In depleted gas wells, the produced gas rate and consequently the velocity will drop to the extent that produced liquids are no longer carried to surface. The liquids accumulate in the well bore, increasing the sand face pressure. This further reduces the inflow, so that more liquid collects and eventually the flow dies down completely. This phenomenon is known as liquid loading.
Velocity strings are a commonly applied remedy to liquid loading in gas wells. By installing a small diameter string inside the tubing, the flow area is reduced which increases the velocity and restores liquid transport to surface. The disadvantage of the velocity string is the increase in frictional pressure drop, constraining production. Hence an optimal velocity string has to be selected such that liquid loading is delayed over a long period with a minimal impact on production. This requires accurate methods to predict pressure drop in the velocity string as well as tubing-velocity string annulus.
The available methods to predict pressure drop in annuli for gas-liquid flow are modifications of methods to predict wet gas pressure drop in tubing. These modifications are usually based on assumptions, which are strictly valid only for single-phase flow. Their validity for gas-liquid flow is questionable.
Hence to assess the validity of the methods a field test was designed and executed. The results were compared with various approaches to describe wet gas flow in an annulus. This allowed selection of the best approach with an accuracy comparable to the accuracy of methods to predict pressure drop in tubing. Factors affecting the accuracy were identified. Comparison with a field case provided further proof for the validity of the approach.
This result is not only relevant for velocity string design, it is important for all annular flow processes in wells such as flow around a stinger, drill pipe, tool or coiled tubing string.
Introduction
When there is sufficient reservoir energy and gas wells can be produced at medium to high rates, co-production of liquids is seldom a problem, even at high liquid to gas ratio's (LGR). Although the liquid slips through the gas, effectively the gas-liquid mixture tends to behave like a single phase liquid flowing to surface, where the phases can be separated and processed.
This changes when the reservoir depletes, the reservoir pressure drops and the produced gas rates decline. The velocity at which the gas moves upward approaches the terminal velocity at which liquid droplets would fall downward in a stagnant gas1,2. This means more liquid will be retained in the casing or tubing. The consequence of liquid accumulation in the well is an increase in the hydrostatical pressure drop over the well. Since the well head pressure is usually kept constant by the surface facilities, the increase in pressure drop over the well leads to an increase of the pressure at sand face. In turn an increased pressure at sand face gives rise to a reduction of the inflow of gas and liquids, reducing the gas velocity even further so that more liquid is accumulated. The well is said to load up with liquid and flow ceases altogether (or in the best case some gas continues to bubble upward through a liquid column).

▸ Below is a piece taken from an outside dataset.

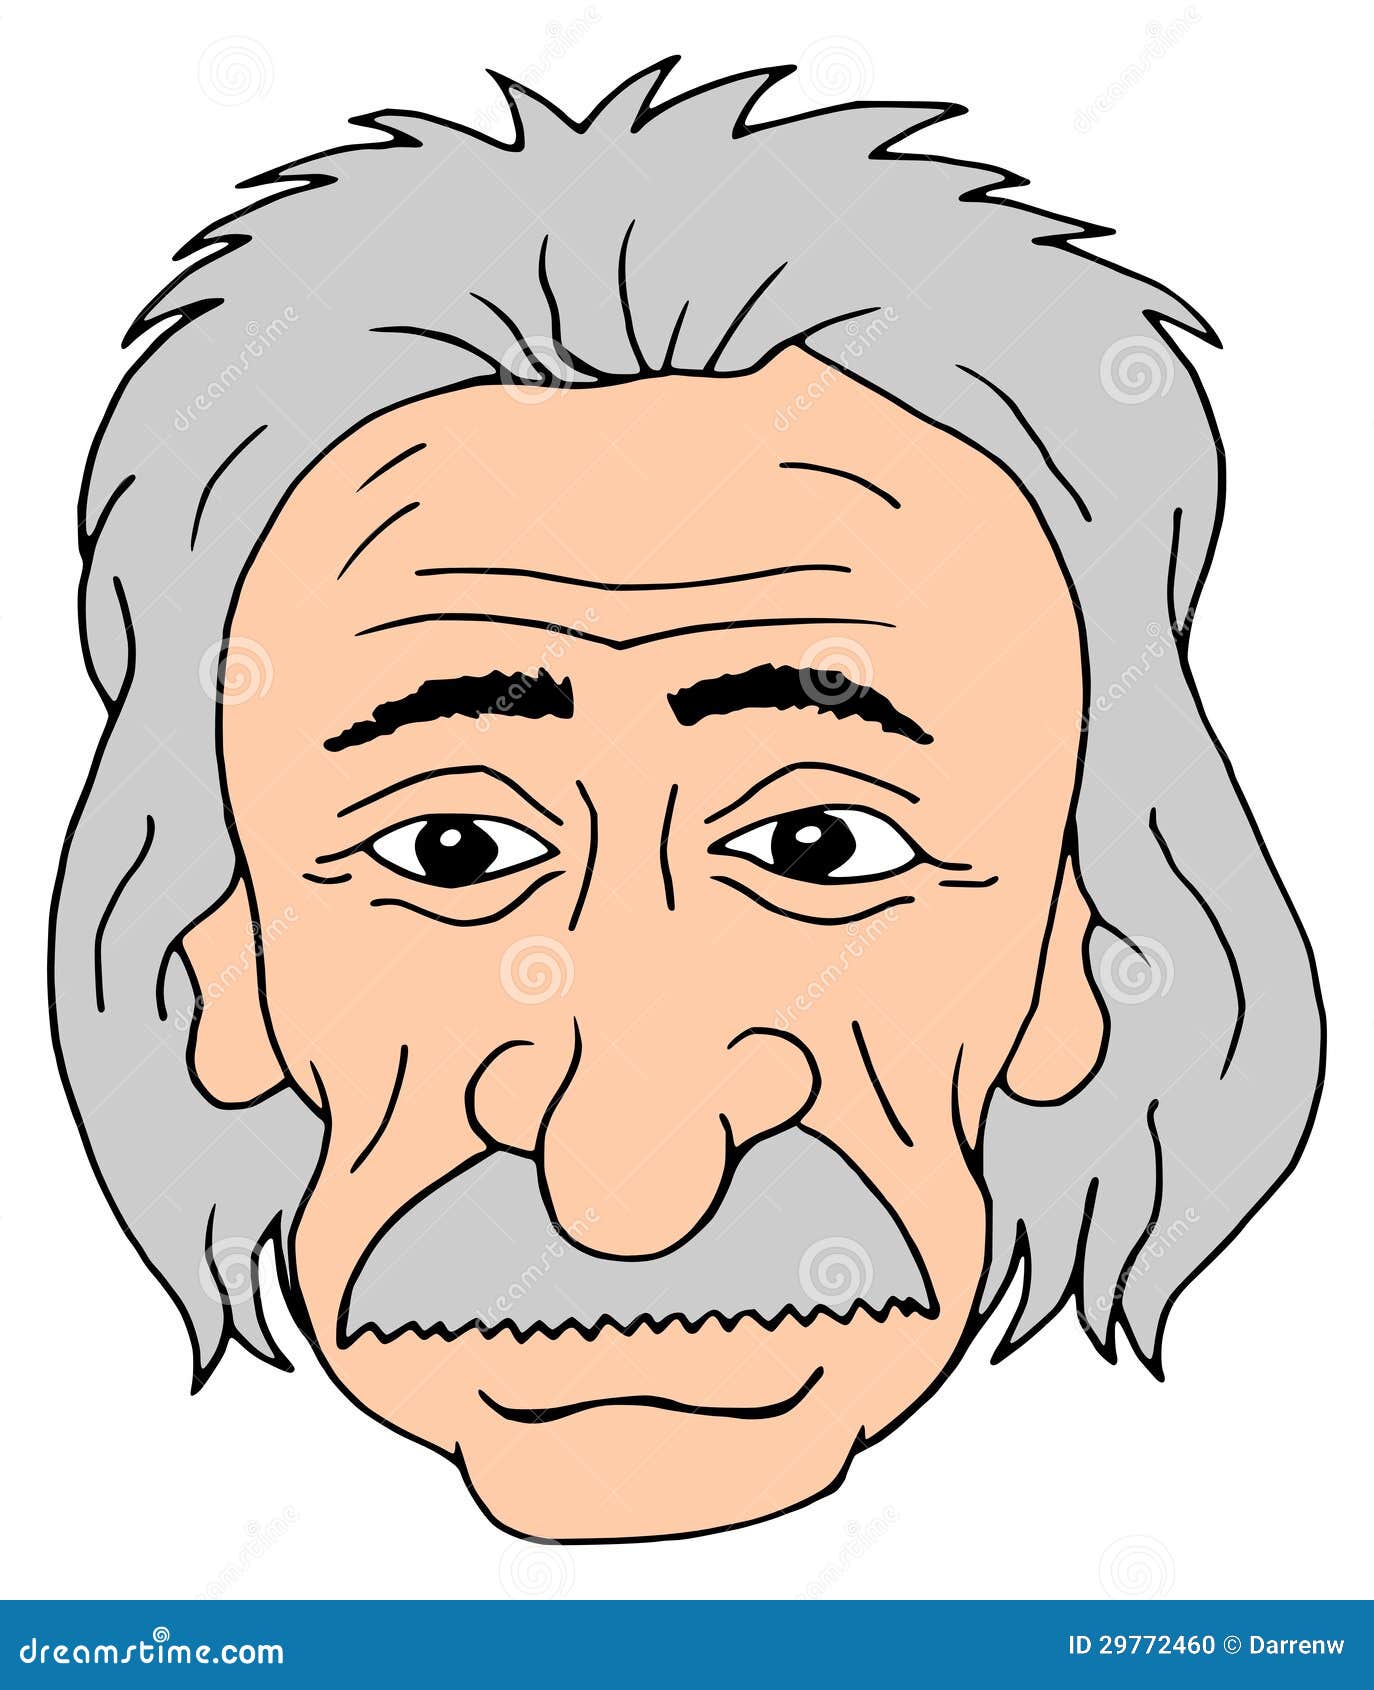 Einstein head stock illustration. Illustration of portrait - 29772460

Several approaches have been suggested and tried to prevent or delay the loading process, such as3,4:
Of these approaches, installation of a velocity string, i.e. a small diameter tubing or coiled tubing inside the actual tubing to increase velocity and improve liquid transport, is one of the most attractive options since it is low cost, can be carried out under pressure (i.e. there is no need to kill the well) and requires no further maintenance after installation.
Apart from mechanical considerations, such as interference with the SSSV, the main drawback of the velocity string is that the introduction of the string increases the frictional flow resistance in the well. This inevitably leads to a reduction of the productivity of the well. Hence the price for the suppression of liquid loading is decreased production. This makes selection of the optimum size of the velocity string critical. It has to be selected such that liquid loading is avoided or at least delayed over a considerable period of time, whilst maintaining the highest possible production.